Dev and I’s experiences are similar because we hear one antidote and our world is shattered when we realize that it’s not just one story, but an epidemic. A man following you home from a bar is not a one-off story, just as being harassed as a black person is not one-off. Women leaving bars by themselves are followed constantly, harassed while in the bar all the time. I’ve been leaving a bar in my small mountain town and had a man screech to a halt in his truck as his friend jumped out of the back, ran up to me, and planted a big old wet smooch right on my mouth before jumping back in the truck and driving away. I’ve also tried to go to the bathroom in a bar to have a man kick in the door before I latched it shut, telling me he saw the look on my face when our eyes met and he “picked up what I was laying down.” I don’t even remember “locking eyes” with that man. He made that assumption because I was a woman, just as the country at large makes assumptions on the basis of skin color.

As Dev continues on his journey of this episode, he and Arnold ask their female friends “what can two gentlemen like us do to help?” The only response Rachel can come up with is “I dunno, don’t do that stuff?” That question is so complex, like asking “what can I, as a white person, do to help my friends that aren’t white?” The easy answer is “don’t do racist things” but the complex and underlying issue is that small actions that I make in my day to day life support a system that compromises the safety of people of color. Dev and Arnold may not treat the women in their life like garbage, but what are they doing to support a system that endangers women?

Towards the end of the episode the narrative takes a turn that I don’t completely agree with. Dev gets drunk and starts talking to the commercial director, Brad, about the roll of women and the end result is that Dev loses his spot in the commercial because they reworked it to feature the women. When Rachel expresses to Dev that Brad introduced himself to all the men in the group but not the women, Dev’s instinct is to shrug off the instance because who cares about the opinion of one asshole? He fails to see that by doing so, he is shrugging off the experiences of all women when they are made to feel less than on the basis of their gender. This is something that gets left relatively unresolved and it frustrates me. They could have done a much better job at pointing out that excusing individual actions holds up the flawed system. It’s hard for me not to wonder about the real life parallels, as this episode came out in 2015 and in early 2018 Ansari was accused of being too forceful with women he dated. I have to wonder if he made this episode because he believes that women should feel safe, but it fell short because he was not taking responsibility for his own actions and how he perpetuates a sexist society that makes women feel unsafe.
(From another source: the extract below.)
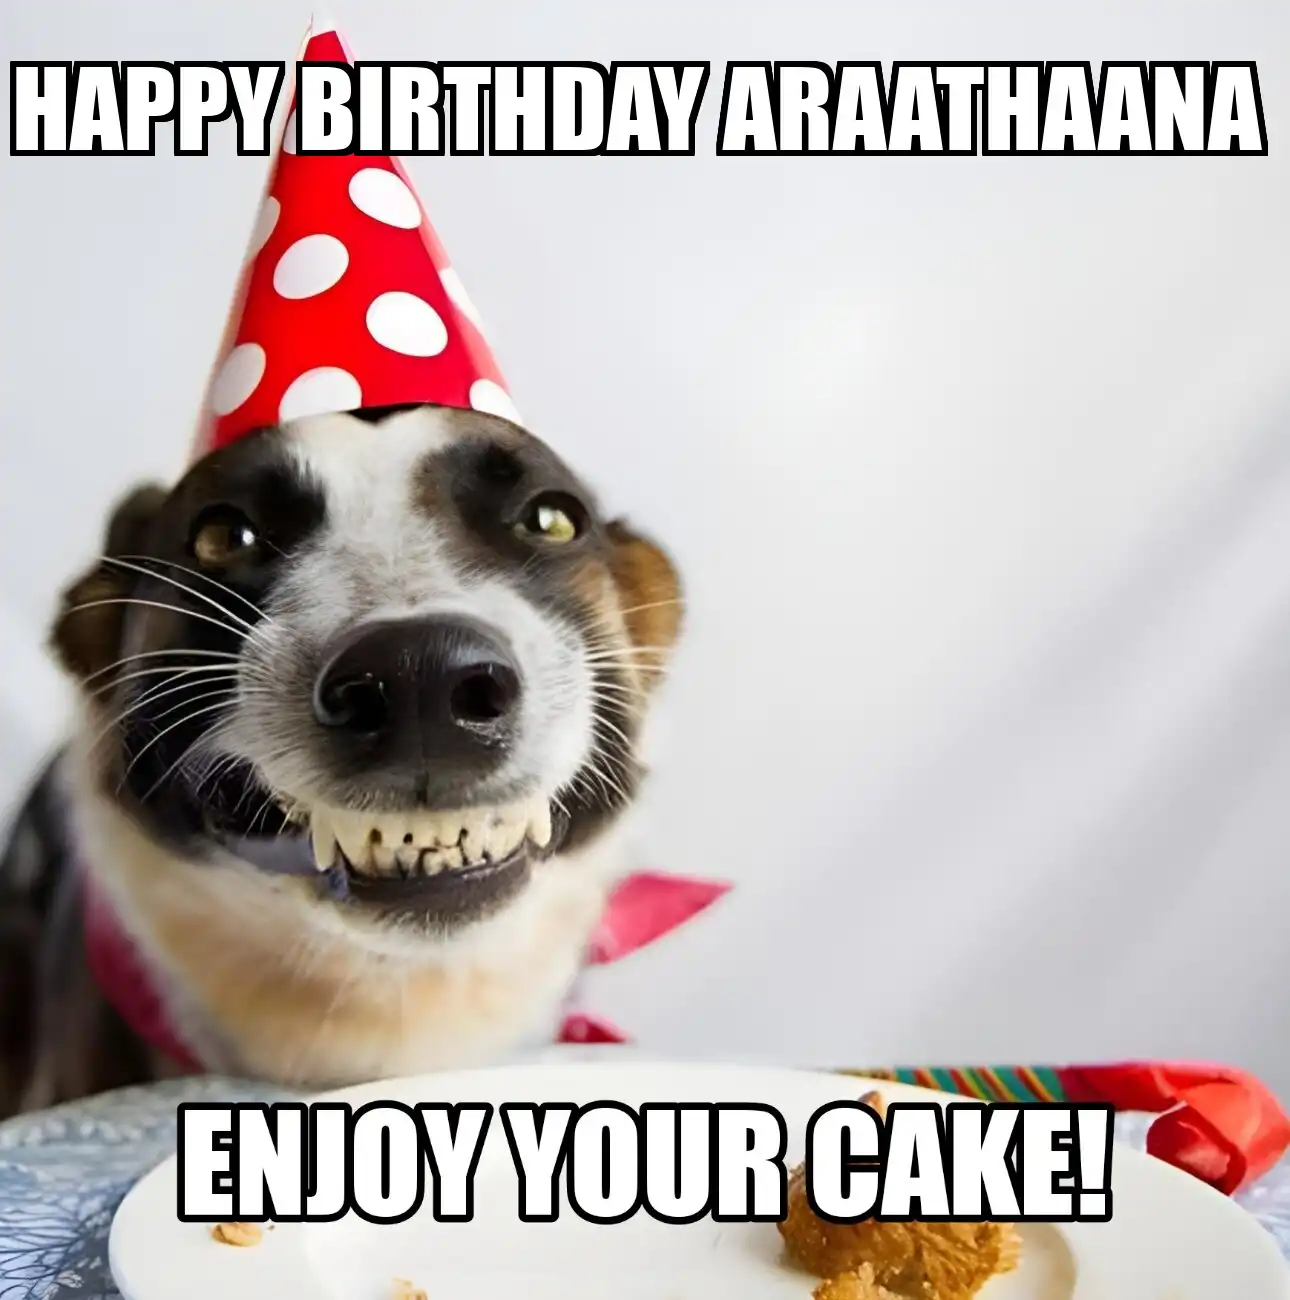 Happy Birthday Araathaana Enjoy Your Cake Dog Meme

Overall, I still give this episode 3.7 out of 5 stars because it addresses many issues directly, for instance when Dev and Denise make a “citizen’s arrest” of a man who was masturbating on the subway, a occurrence that’s common as Denise points out “that’s the third time this year I’ve seen that.” When they speak up everyone on the train mentions that they saw it but all of them were clearly too afraid to say anything, and all it took was a show of solidarity for everyone to band together and call out the offender. The conversation that Dev has with the subway masturbator ties together how I feel about this show, sexism, and racism. The offender says it’s just what he likes, and how would Dev feel if the sexual acts he liked were taboo? Dev says “the sexual acts I like don’t traumatize other people.” To which the offender responds “Well if they did, I bet you’d have some internal conflict.” And Dev replies “Stop trying to make me weirdly sympathize with you .”

When we open up the broader conversations about sexism and racism, we will find that the people behind the hate are fully formed humans, with desires and needs of their own. They have their own struggles and internal conflicts. However, those do not justify actions that hurt other people whether it’s masturbating on the subway or degrading people with different skin colors.